Шрифт:
Девушка скрылась из глаз так же стремительно, как и появилась. Вздыхая, ребята разбирали весла и снова входили в ритм гребков и выносов.
— Спортсменка что надо! Девуля-малинка! — сказал Шишкарев и добавил: — Это Чумакова…
Кубрик. Низкие своды, брюзглый свет единственной лампочки, закованной в сетку. Отрадные звуки трубы — отбой. Железная койка с плоским матрацем, набитым пшеничной соломой, одеяльце, пропахшее дезсмесью, подушка — в ней шепчет, шуршит колхозная северокрымская солома: «Галочка… Чумакова… Малинка…» Последнее слово старшины необходимо отбросить с полным презрением. Нахимов всматривается со стены сердито, весь закованный в латы нагрудных крестов. Что делать? Вот так неожиданно и непоправимо возникла любовь. А еще уверяют, что не может она овладеть человеком с первого взгляда. Ах вы чудаки, провидцы-начетчики!.. Так вот она какая, Галочка Чумакова!

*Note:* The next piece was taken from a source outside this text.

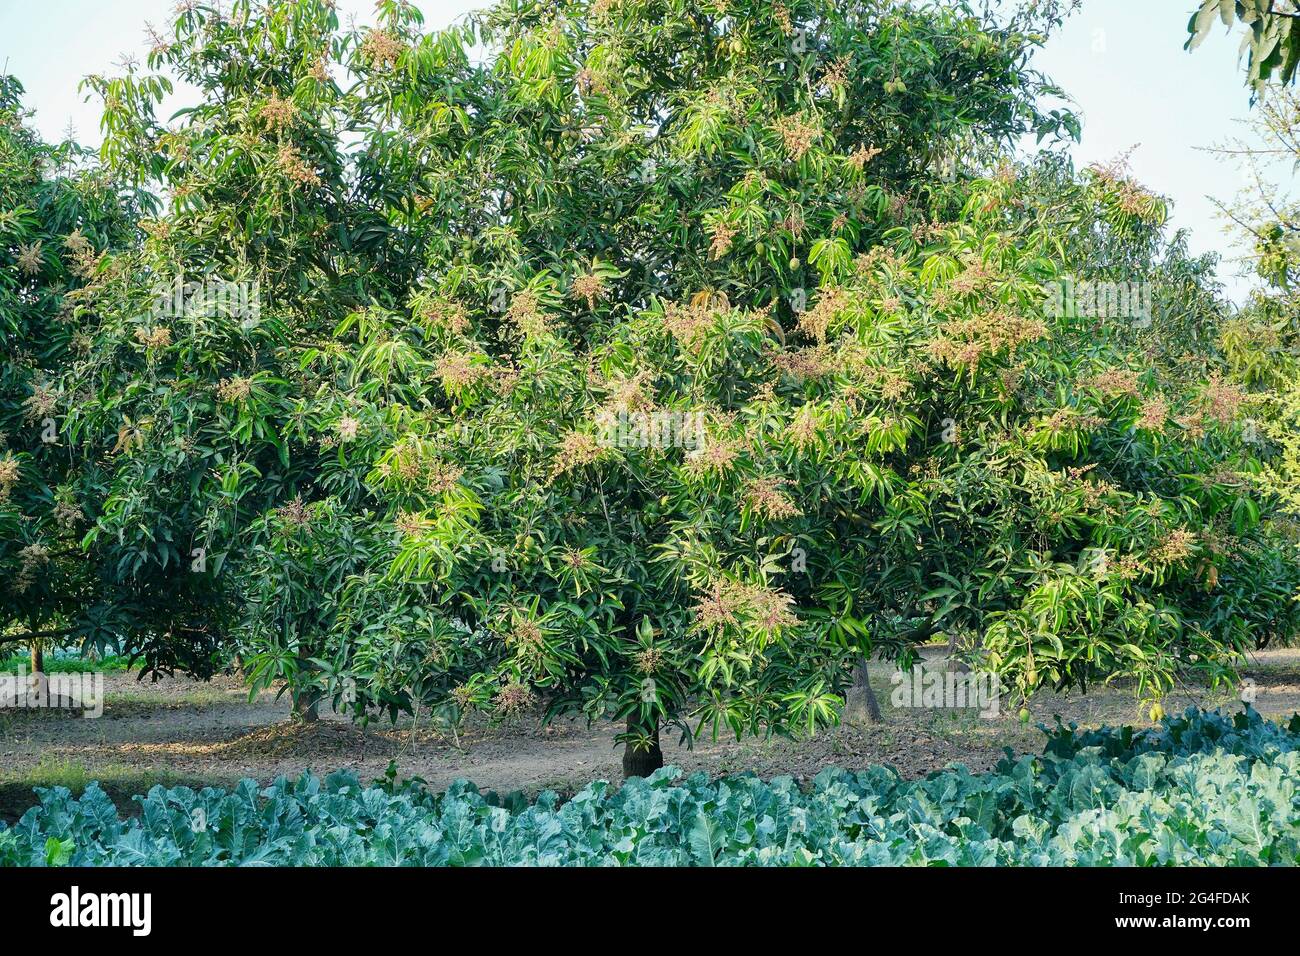 Mangifera indica, comúnmente conocida como mango, una especie de planta florida - con flor en el campo agrícola rural de bengala occidental, India. Foto de stock

Дни учебы тянутся бесконечно. Увольнений нет. Вместо жетона — камбуз: бачки, миски — в кипяток; алюминиевые ложки — на проволоку; изволь чистить мелкую скользкую картошку.

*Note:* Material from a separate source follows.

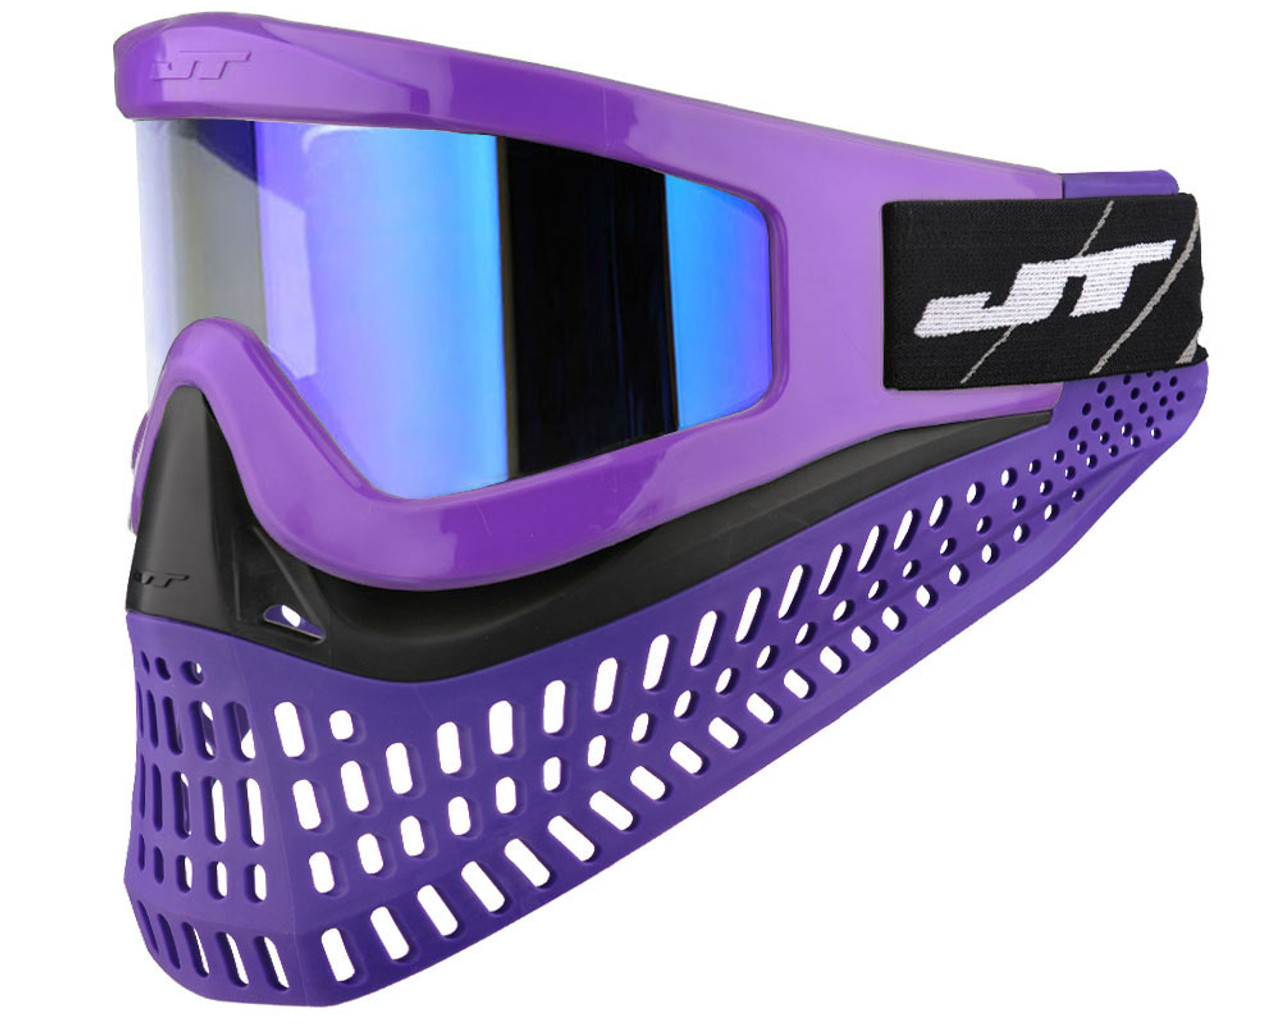 JT ProFlex X Paintball Mask w/ Quick Change System - Purple/Black/Purple

Еще неделя. После обеда, в тринадцать часов, помытые, побритые, отутюженные счастливчики построены в кубрике. Сегодняшний день ничем не должен напоминать все остальные дни.
— Ремень подтяните, Одновалов. Отлично!
Стройный Бараускас. Дальше — Марван Куранбаев. На широких плечах этого сына степей ладно сидит суконная рубаха, ремень охватывает узкую талию, бляха блестит, как набор праздничной уздечки. Только с бритвой нелады — порезался Марван, и на его шее проступили красные пятна.

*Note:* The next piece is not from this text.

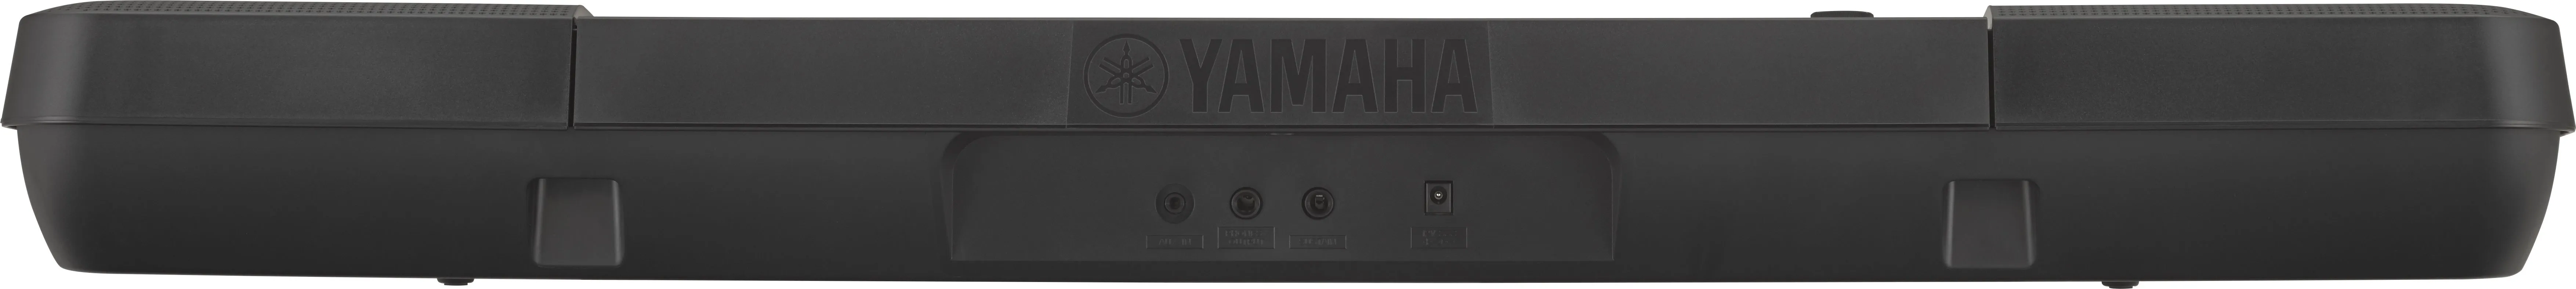 Yamaha PSR E253

— Опять безопасной? — спрашивает Шишкарев, выкрадывая драгоценные минуты увольнения.
— Так точно, товарищ старшина!
— Точно, да не точно! Надо отпаривать горячим компрессом.
— Есть, товарищ старшина! — Марван благодарно ест его угольными глазами.
А Шишкарев не унимается:
— В прошлое увольнение товарищ Одновалов приветствовал так… — Шишкарев показал, как это делал Одновалов. — Махание. Отгоняете комара… А нужно как? Матвеев! Покажите, как должен приветствовать натуральный моряк.
И одобрительно наблюдает за Матвеевым, шикарно отдающим честь.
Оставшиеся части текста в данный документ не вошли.